(Raw data Opens)
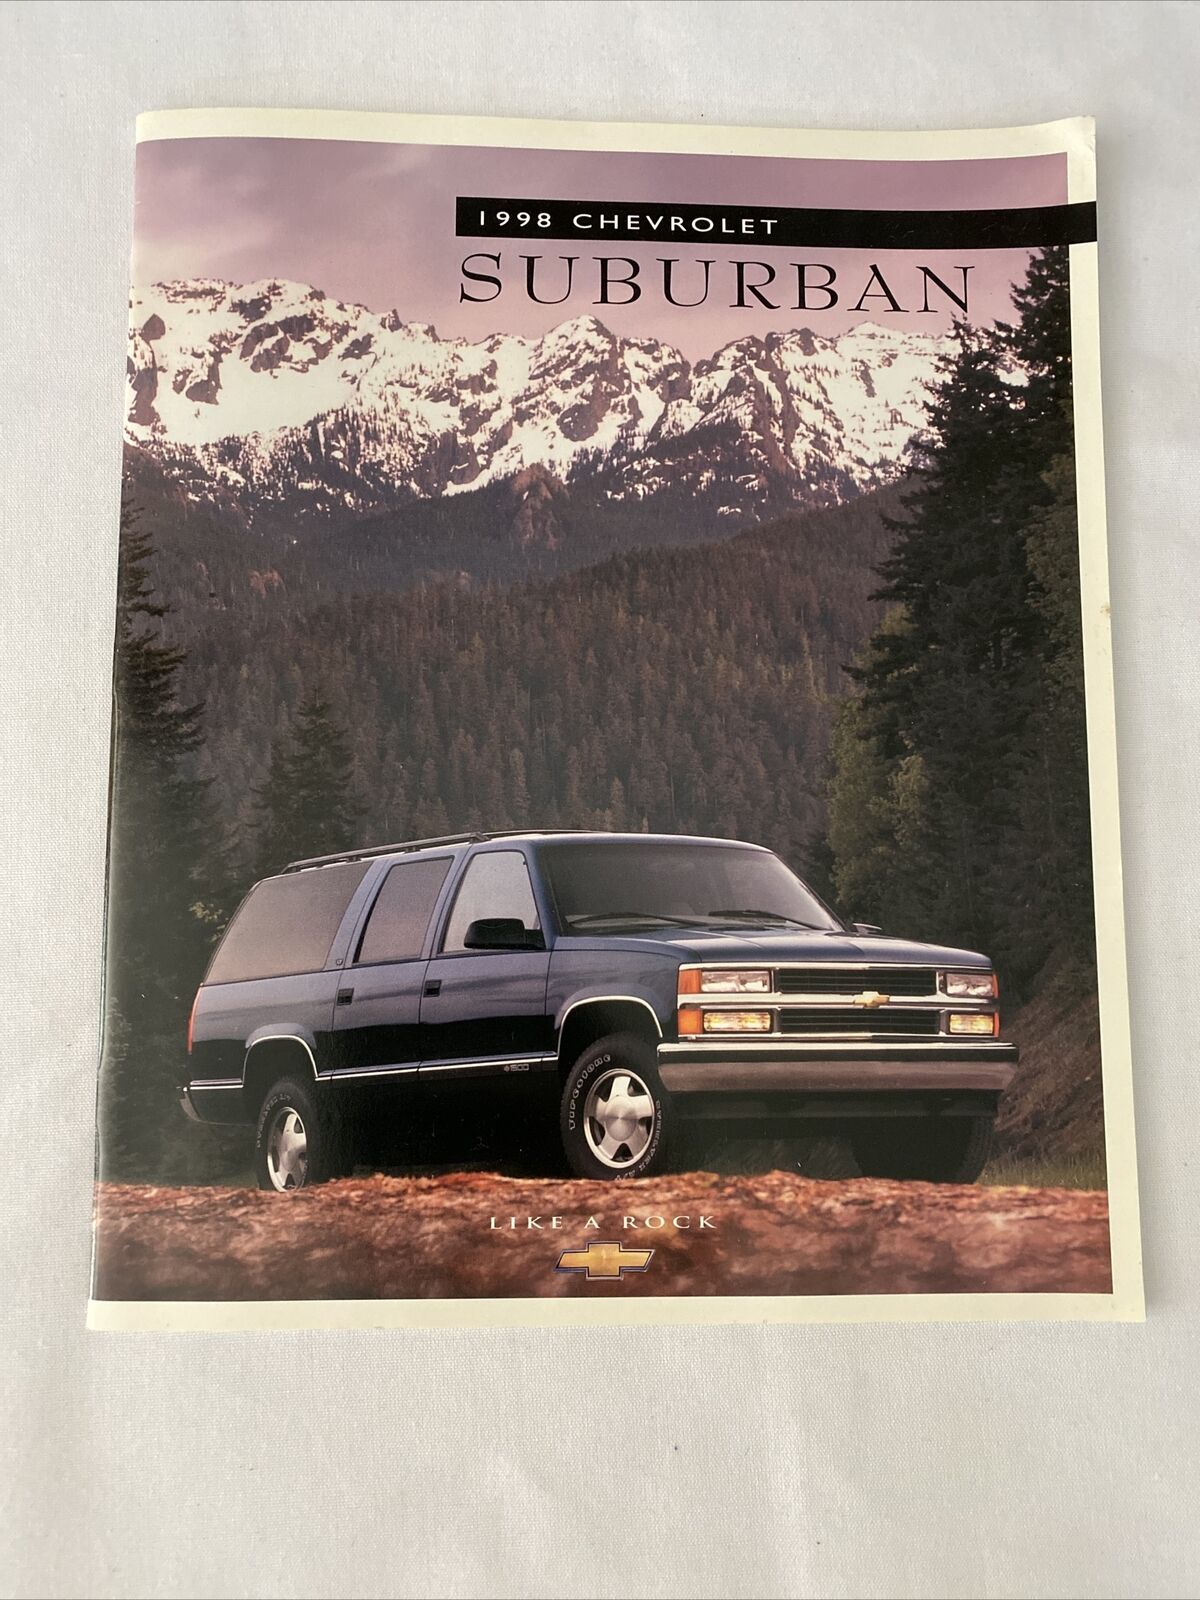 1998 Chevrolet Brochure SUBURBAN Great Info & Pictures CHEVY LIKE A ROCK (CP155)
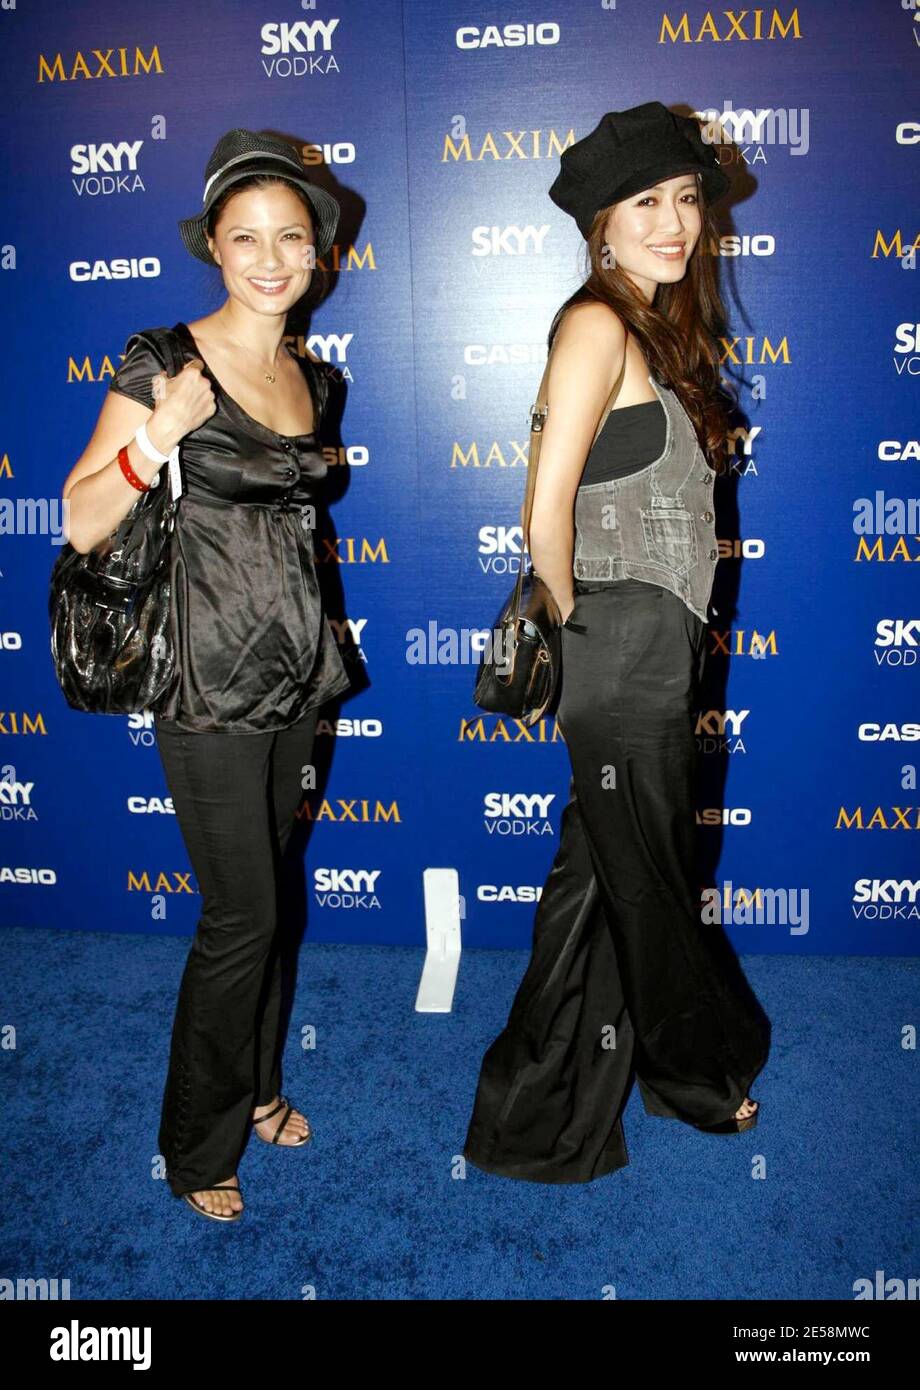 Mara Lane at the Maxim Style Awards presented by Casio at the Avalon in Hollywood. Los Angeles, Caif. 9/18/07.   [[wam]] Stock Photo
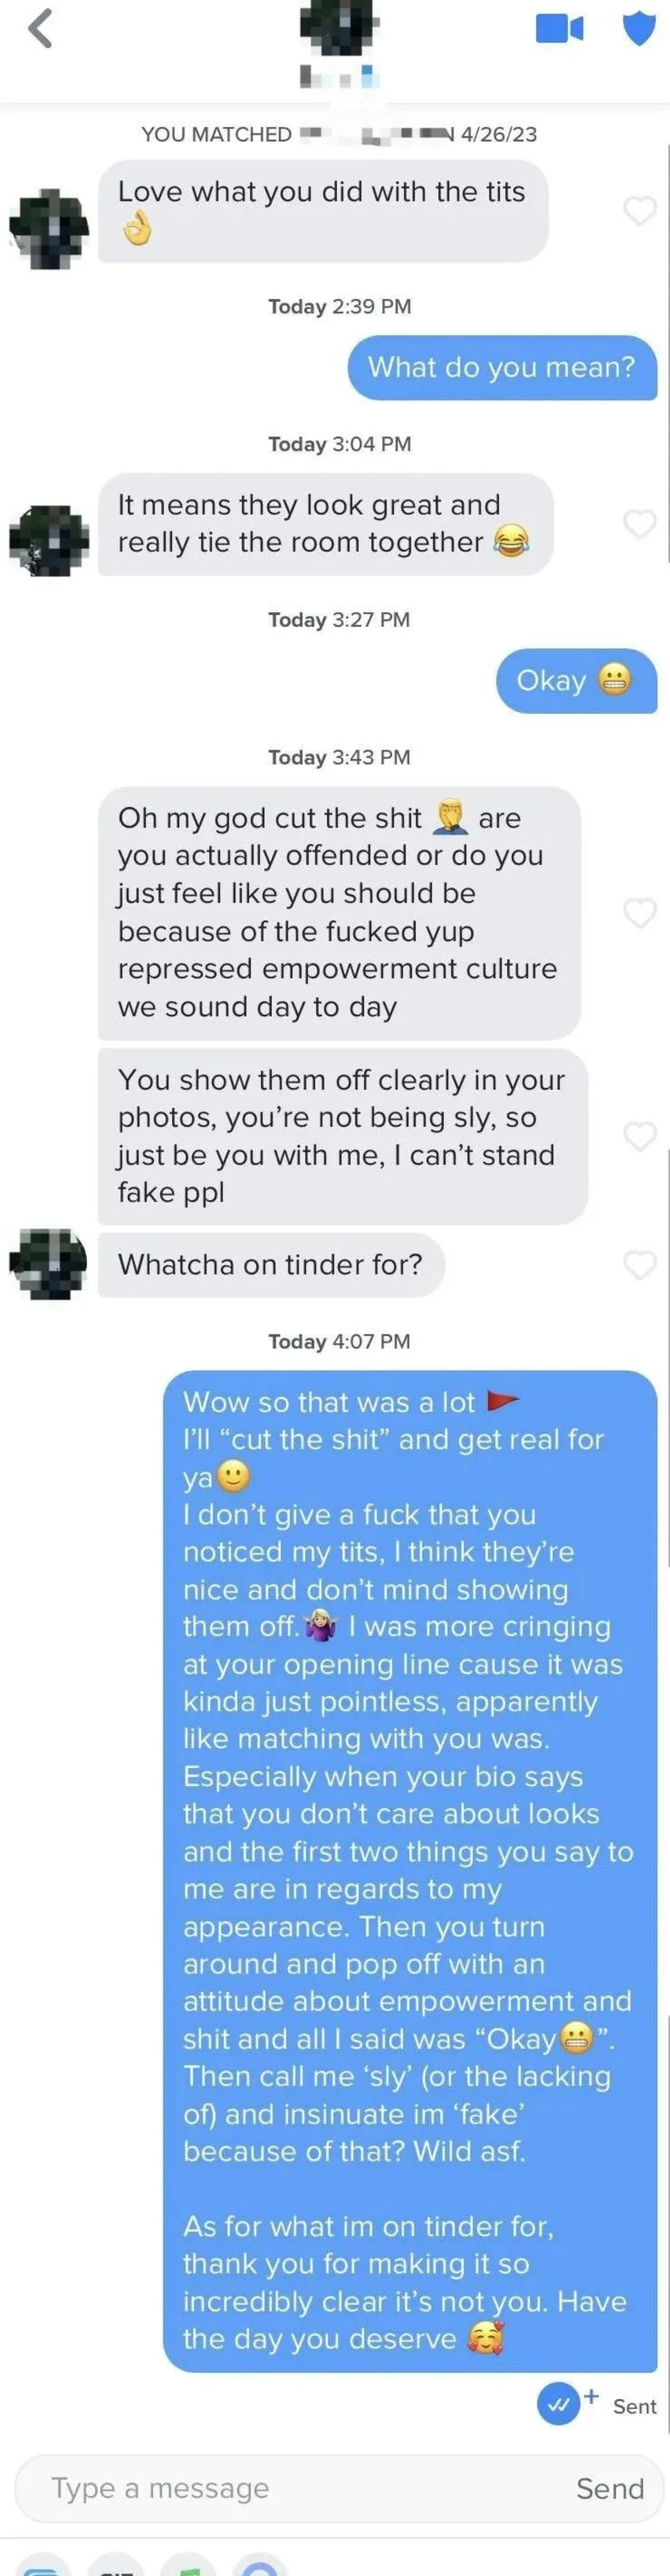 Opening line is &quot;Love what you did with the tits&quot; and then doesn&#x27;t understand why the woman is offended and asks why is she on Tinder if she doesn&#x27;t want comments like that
(Raw data Closes)
— Exercise objective —
Print the listing exactly, minus any pictures.

— Completed task —
 1998 Chevrolet Brochure SUBURBAN Great Info & Pictures CHEVY LIKE A ROCK (CP155)
 Mara Lane at the Maxim Style Awards presented by Casio at the Avalon in Hollywood. Los Angeles, Caif. 9/18/07.   [[wam]] Stock Photo
 Opening line is &quot;Love what you did with the tits&quot; and then doesn&#x27;t understand why the woman is offended and asks why is she on Tinder if she doesn&#x27;t want comments like that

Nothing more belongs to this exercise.